- PROBLEM DESCRIPTION
Give back exactly the lines of the data below, starting with the line that has "Kate 暗い紫色の抽象的なテクスチ背景布 のデザインですJFCC" and going on through the line that has "我院国际友人寄语中国建党百年视频在《国际人才交流杂志》发布".

- STUDY MATERIAL
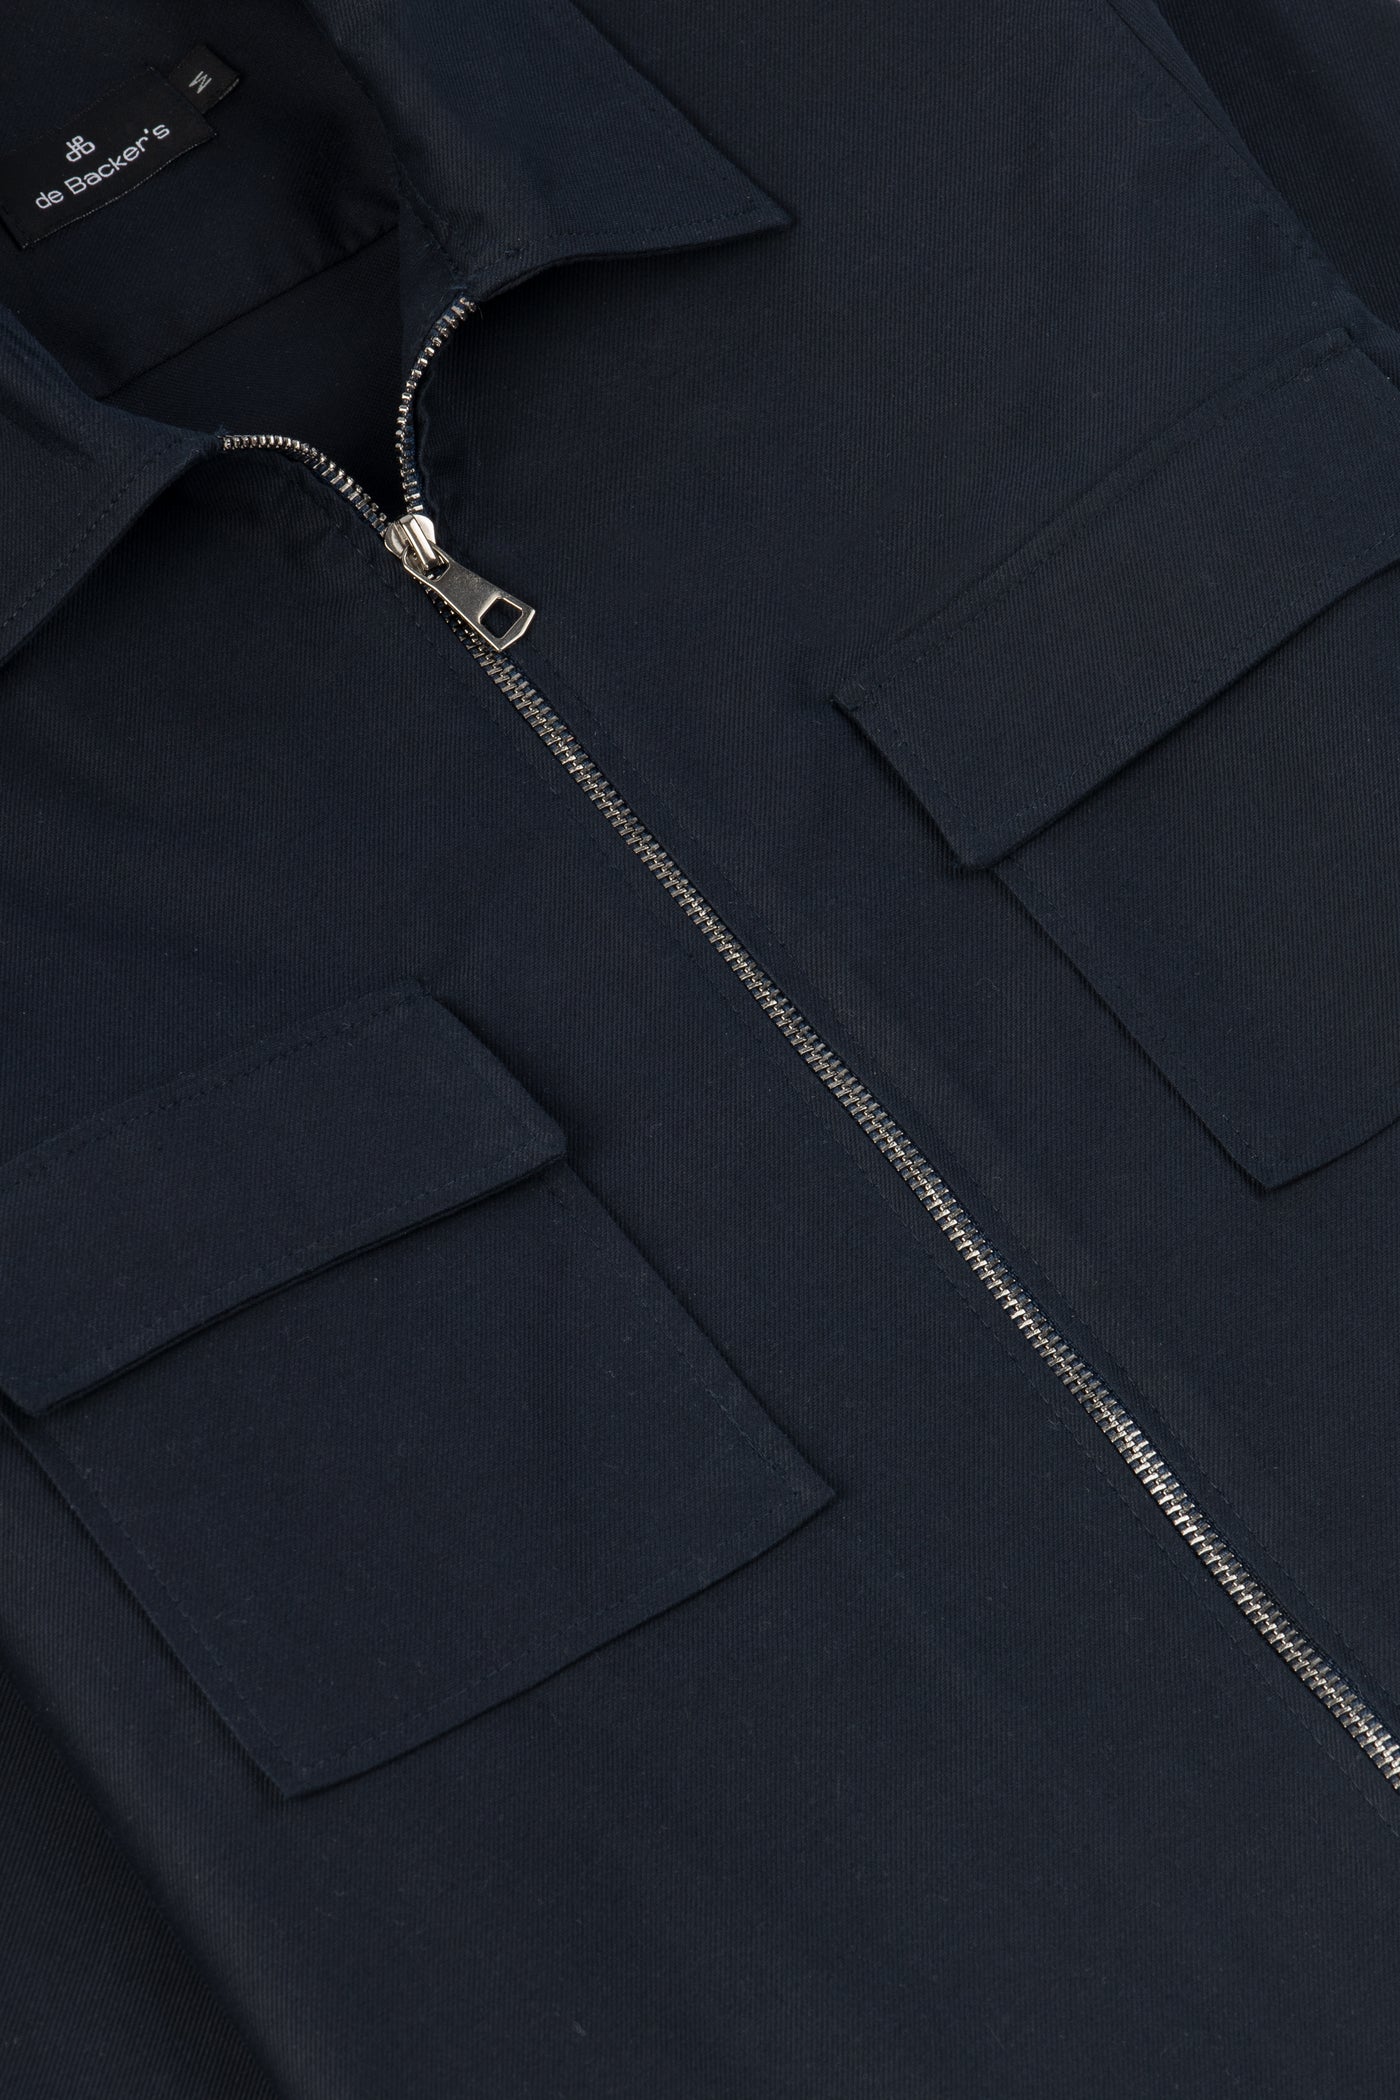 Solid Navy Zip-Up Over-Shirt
...
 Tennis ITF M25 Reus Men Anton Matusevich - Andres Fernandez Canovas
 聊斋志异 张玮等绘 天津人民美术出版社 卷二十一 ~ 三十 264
...
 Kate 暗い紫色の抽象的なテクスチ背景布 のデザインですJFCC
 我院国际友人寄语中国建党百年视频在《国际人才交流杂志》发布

- TASK SOLUTION
 Kate 暗い紫色の抽象的なテクスチ背景布 のデザインですJFCC
 我院国际友人寄语中国建党百年视频在《国际人才交流杂志》发布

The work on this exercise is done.